Week 8 - Bloom Filters

OMSCS

Week 7 - Homework 5 (unassessed)

Week 8 - Bloom Filters

This week we will be focusing on hash functions. First we will look at a probability question.

Balls in bins problem

If you randomly throw $n$ identical balls in $n$ identical bins $B_i$ for $1 \leq i \leq n$ where each throw is independent of on another. Define $load(i) =$ number of balls in bin $B_i$. How large is the max load = $\max_i load(i)$?

We are going to show that ….

So first look at

$$\mathbb{P}(\geq log(n) \mbox{ balls are ssigned to } B_i) = \binom{n}{log(n)} \left ( \frac{1}{n} \right )^{\log(n)} \leq \left ( \frac{e}{\log(n)} \right )^{\log(n)}$$

by Stirling’s formula and the definition of the Binomial coefficient.

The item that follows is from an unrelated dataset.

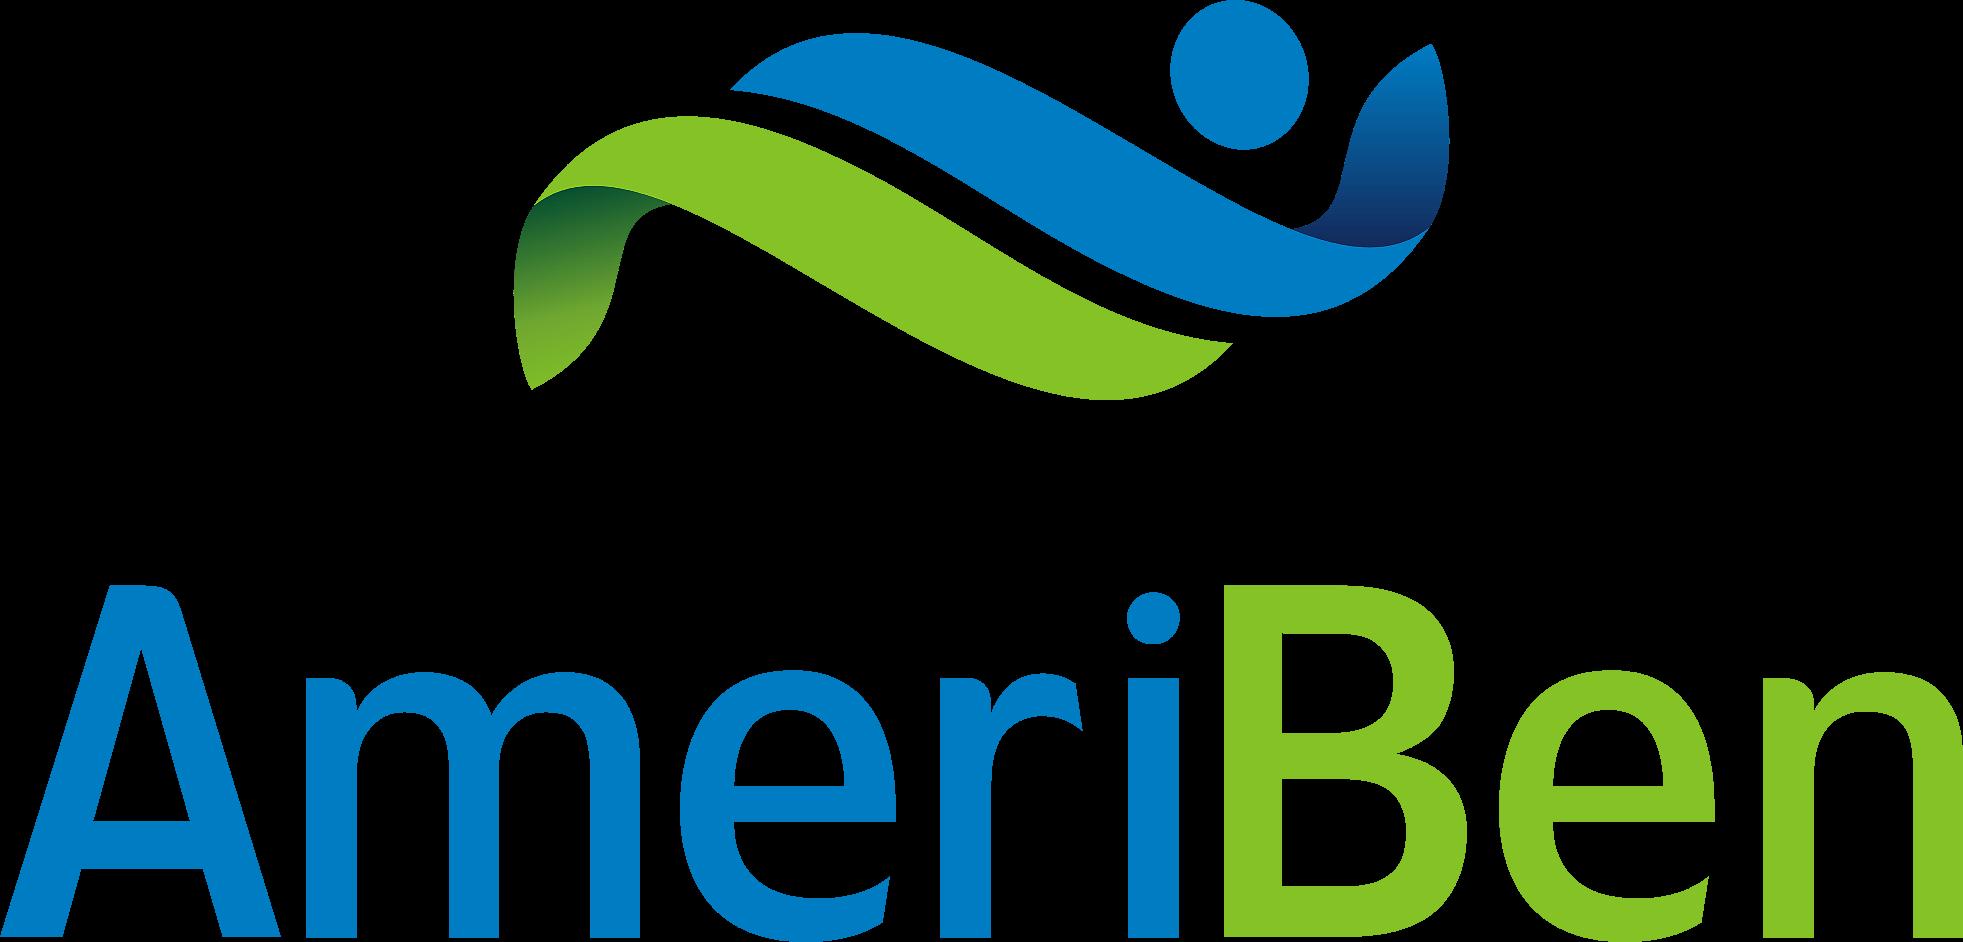 Ameriben logo

So by letting $n > 2^{11}$ we can further say

$$\mathbb{P}(\geq log(n) \mbox{ balls are ssigned to } B_i) \leq \frac{1}{n^2}.$$

Using this as there are $n$ bins we can bound the max load

$$\mathbb{P}(\mbox{max load } < \log(n)) \geq 1 - \frac{1}{n}.$$

Infact further analysis can show that with high probability max load = $\Theta(\frac{\log(n)}{\log\log(n)})$.

Best of 2 approach

Best of 2(n)
	Input: positive integer n
	Output: allocation of n balls to n bins
1. For i = 1 -> n
	2. Randomly select two bins j & k.
	3. If load(j) < load(k) assign ball to bin j
	4. Otherwise assign ball to bin k

In this approach we get the max load is $O(\log \log n)$ with high probability.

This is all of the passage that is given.